*** Begin section ***

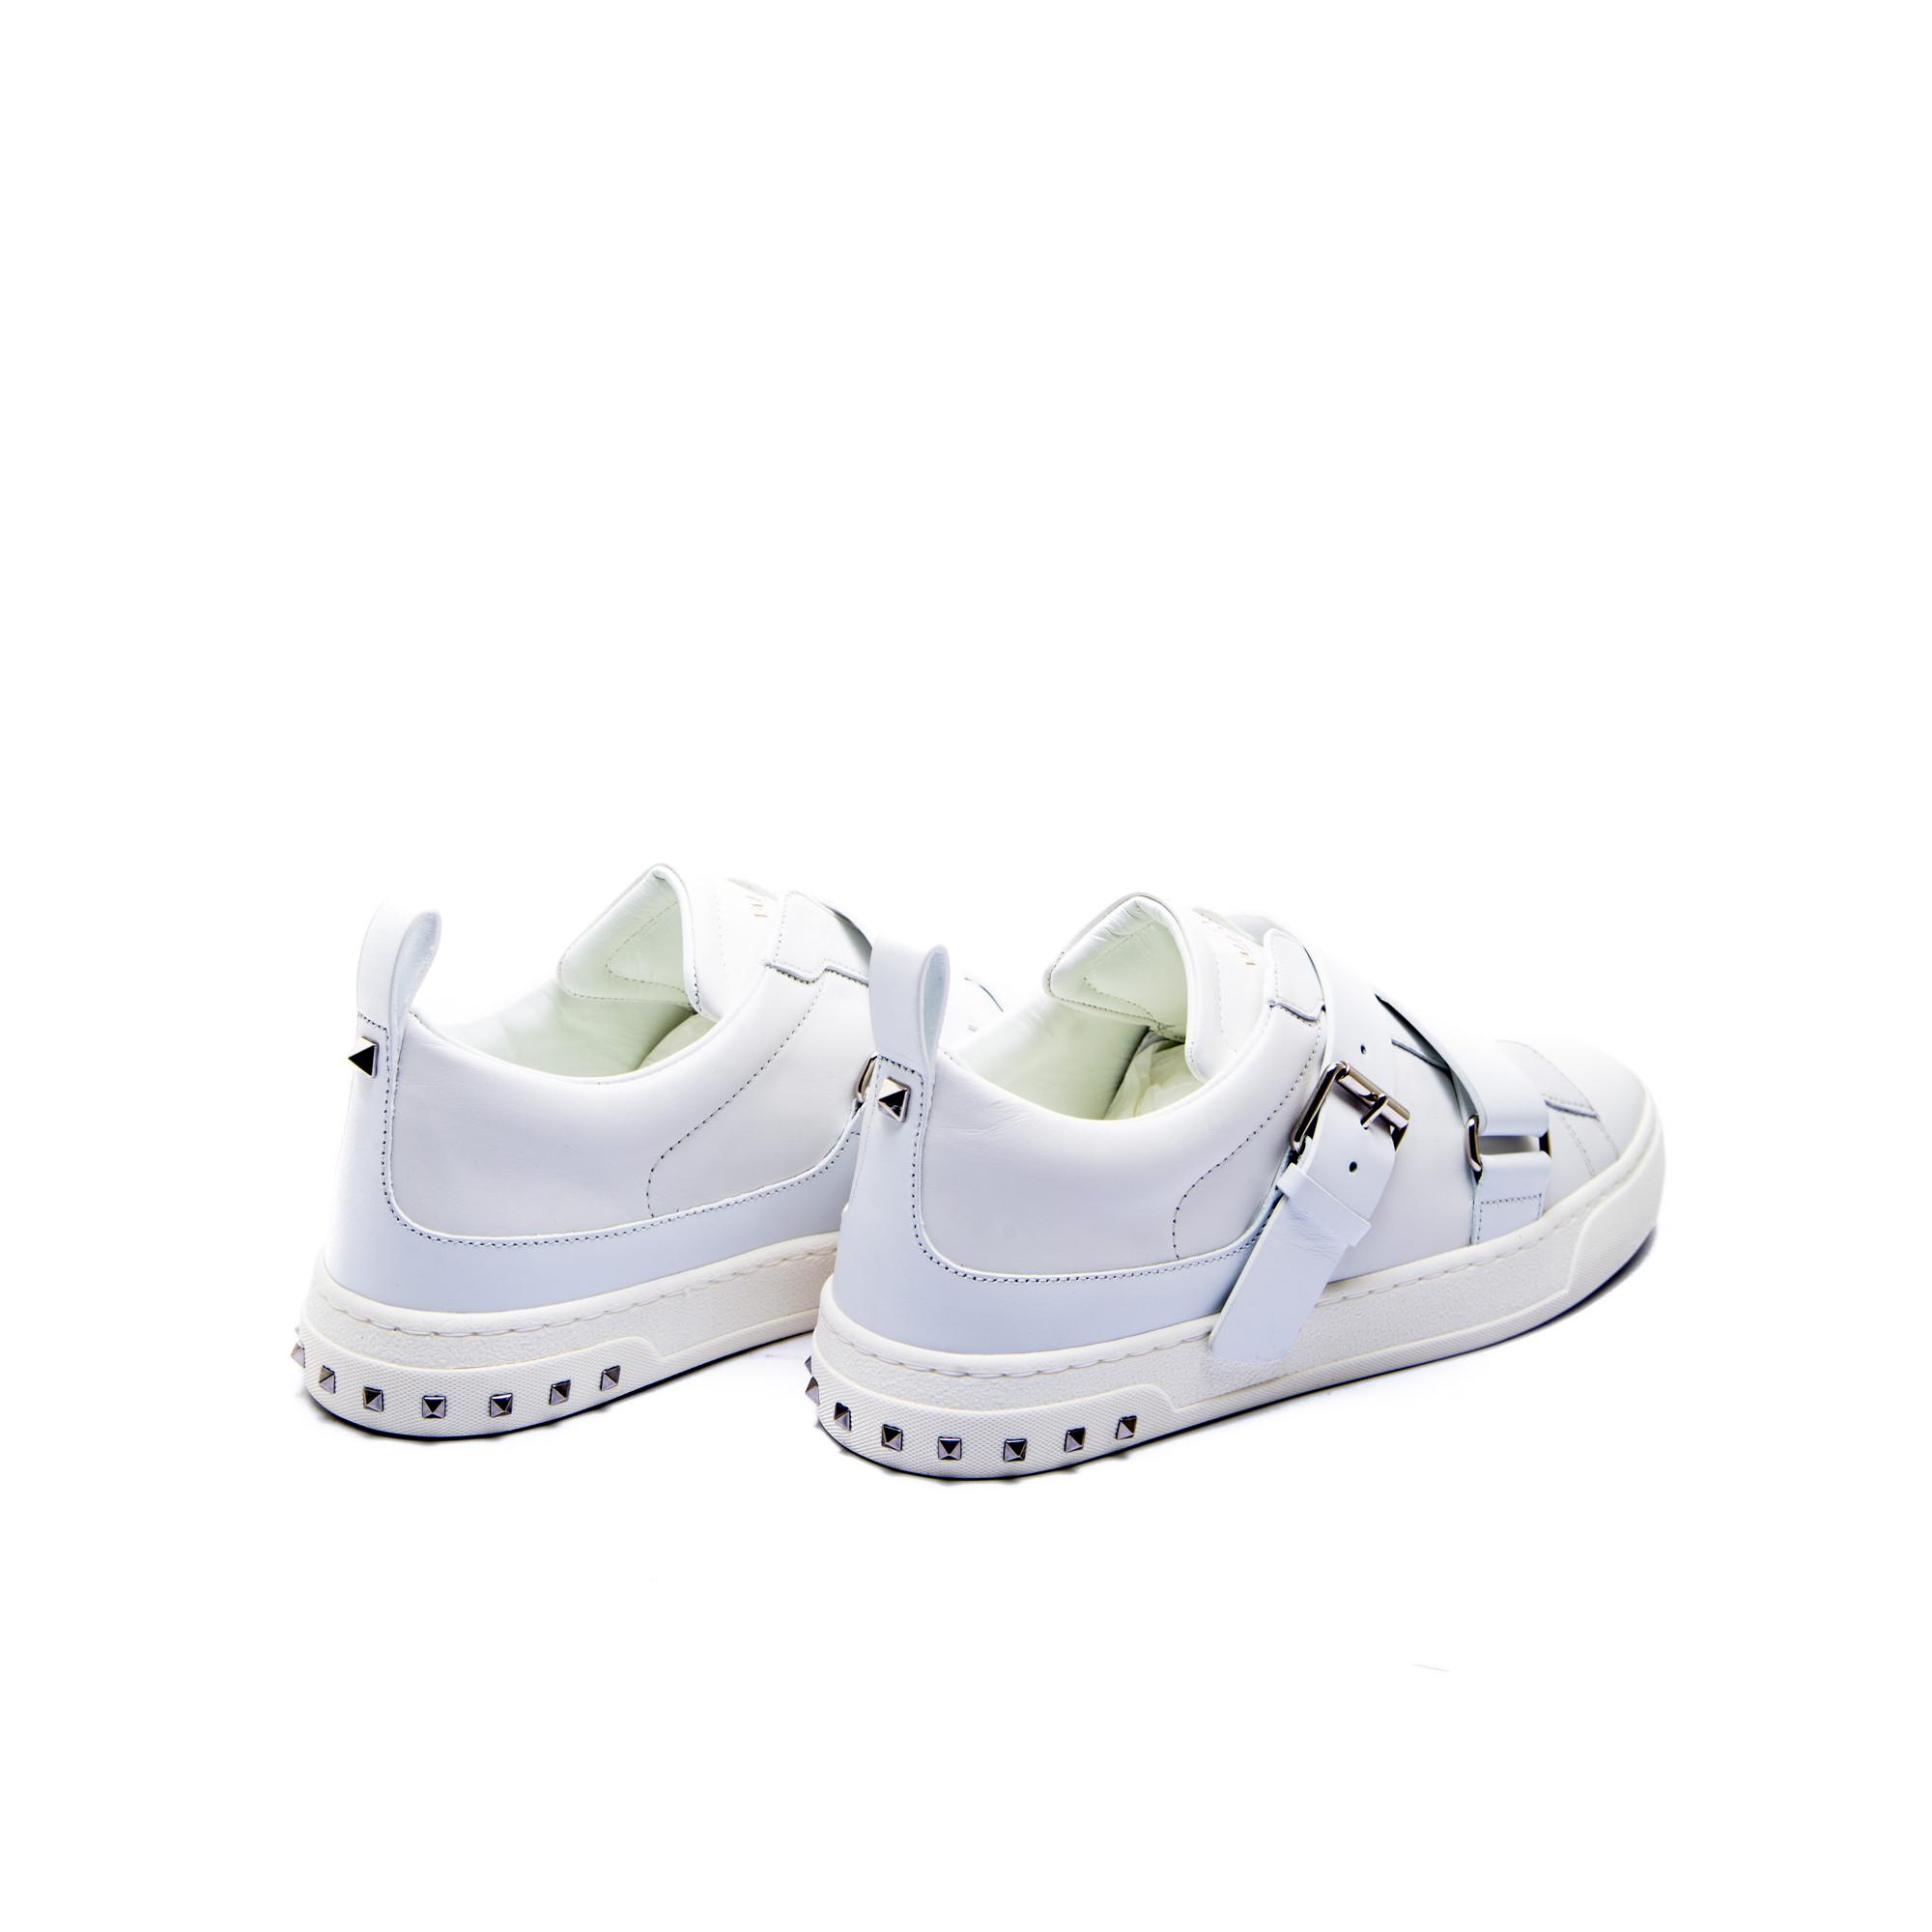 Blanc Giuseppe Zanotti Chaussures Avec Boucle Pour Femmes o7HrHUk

*** End section ***
*** Begin section ***

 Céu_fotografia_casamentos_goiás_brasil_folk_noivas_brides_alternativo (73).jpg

*** End section ***
*** Begin section ***

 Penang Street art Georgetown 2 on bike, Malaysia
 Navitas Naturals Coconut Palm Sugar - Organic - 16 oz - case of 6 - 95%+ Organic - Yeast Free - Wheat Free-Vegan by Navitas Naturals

*** End section ***

Exercise brief: Everything above from the line containing "Penang Street art" through the line containing "Navitas Naturals Coconut" must be copied exactly. Nothing outside that range belongs in the answer.

Answer section:
 Penang Street art Georgetown 2 on bike, Malaysia
 Navitas Naturals Coconut Palm Sugar - Organic - 16 oz - case of 6 - 95%+ Organic - Yeast Free - Wheat Free-Vegan by Navitas Naturals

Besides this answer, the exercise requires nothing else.